The interviews between my grandfather and Madame MacIllvra came to an end. To that remarkable marriage of minds the impediment had at last been discovered. But from this time on, Madame Barclay’s marks of favor to me grew steadily more distinct, while the look of suffering tightened on her face, till some said she had cancer (a theory supported by the yellowness of her skin) and some said she was being poisoned by an antipathy to the Mother Superior.
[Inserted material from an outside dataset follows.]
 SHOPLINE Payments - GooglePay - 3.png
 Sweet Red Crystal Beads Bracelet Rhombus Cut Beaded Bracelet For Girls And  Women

This account is highly fictionalized. A Jesuit did preach such a sermon, and I really became concerned for my grandfather’s soul; I was still very devout, in a childish way, and extremely suggestible. I suppose I was still “nervous” as a result of my Minneapolis experiences. I did take the problem to the Acting Mother Superior, who was finally able to reassure me with the promise that my grandfather could be saved if he did not know the Catholic Church was the true Church. This was “invincible ignorance.” The nun I call Madame Barclay did tell me I was like Byron, brilliant but unsound. But what provoked her to say it, I don’t remember. And I did tell my grandfather, and he did demand an apology from the Acting Mother Superior, which made me utterly furious. In short, the story is true in substance, but the details have been invented or guessed at.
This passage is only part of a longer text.